Яков Алексеевич задумчиво мял бороду, хмурился, поглядывая на мокрое от
слез лицо старухи.
x x x
Наутро Максим первым затеял разговор.
- Пойдешь в Совет жалиться? - спросил он Степку.
- Пойду!
- А по-семейному это будет?
Степка глянул на посеревшее лицо Максимовой жены, на мать, утиравшую
глаза завеской, и промолчал. Про себя решил снести обиду, молчать.
С этого дня надолго легла в доме нудная тишина. Бабы говорили шепотом.
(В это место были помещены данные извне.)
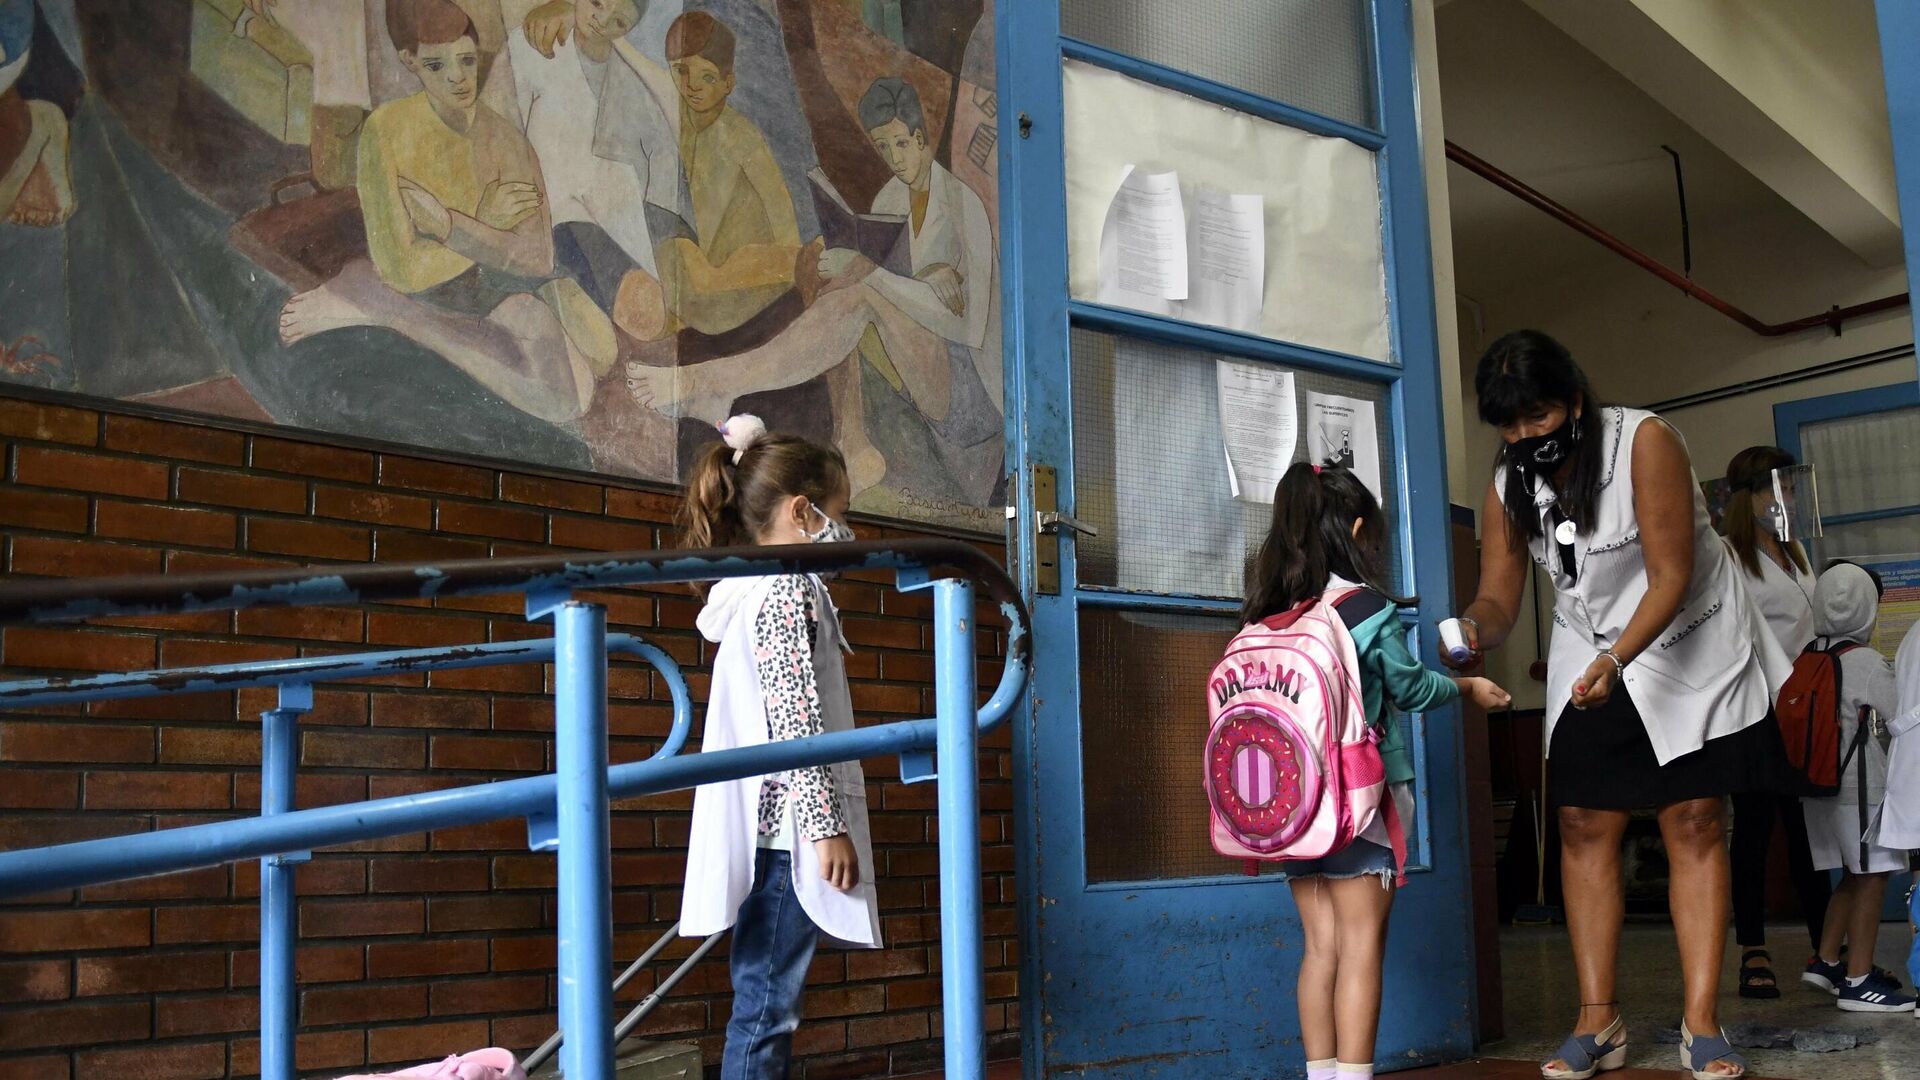 Los alumnos en la escuela en Argentina (imagen referencial)  - Sputnik Mundo, 1920, 30.11.2021

Яков Алексеевич, пасмурный, как ноябрьский рассвет, молчал, Максим, виновато
улыбаясь, заговаривал со Степкой:
- Ты, браток, не всякую лыку в строку. Мало ли чего не бывает в
семье... А все это через твой комсомол! Брось ты его к чертовой матери! Жили
без него, да и теперь проживем. Какая тебе нужда переться туда? Отцу вон
соседи в глаза лезут: "Что ж, мол, Степка-то ваш в комсомолисты подался?" А
старику ить совестно... Опять же жениться тебе, какая девка без венца
пойдет? Хлюстанку брать?
Степка отмалчивался, уходил на баз. По вечерам шел на площадь, в клуб.
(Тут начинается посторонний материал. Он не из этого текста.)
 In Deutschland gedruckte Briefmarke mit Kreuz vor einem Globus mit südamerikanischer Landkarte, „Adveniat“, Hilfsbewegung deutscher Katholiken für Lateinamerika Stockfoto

Под хрипенье поповской фисгармонии думал невеселые думки.
А на станицу напористо перла весна. На девичьих щеках появились
веснушки, на вербах - почки. По улицам отзвенело весеннее половодье.
Неприметно куда ушел снег, под солнечным пригревом дымилась, таяла в синеве
бирюзовая степь. В степных ярах, в буераках, вдоль откосов еще лежал снег,
поганя землю своей несвежей, излапанной ветрами белизной, а по взгорьям, по
лохматым буграм уже взбрыкивали овцы, степенно похаживали коровы, и зеленые
щепотки травы, пробиваясь сквозь прошлогоднюю блеклую старюку, пахли
одурманивающе и нежно.
Пахать выехали в средине марта. Яков Алексеевич засуетился раньше всех.
С масленицы начал подсыпать быкам кукурузу, кормил сытно, по-хозяйски.
Солнце еще не выпило из земли жирного запаха весенней прели, а Яков
Алексеевич уже снаряжал сынов, и в четверг, чуть рассвело, выехали в степь.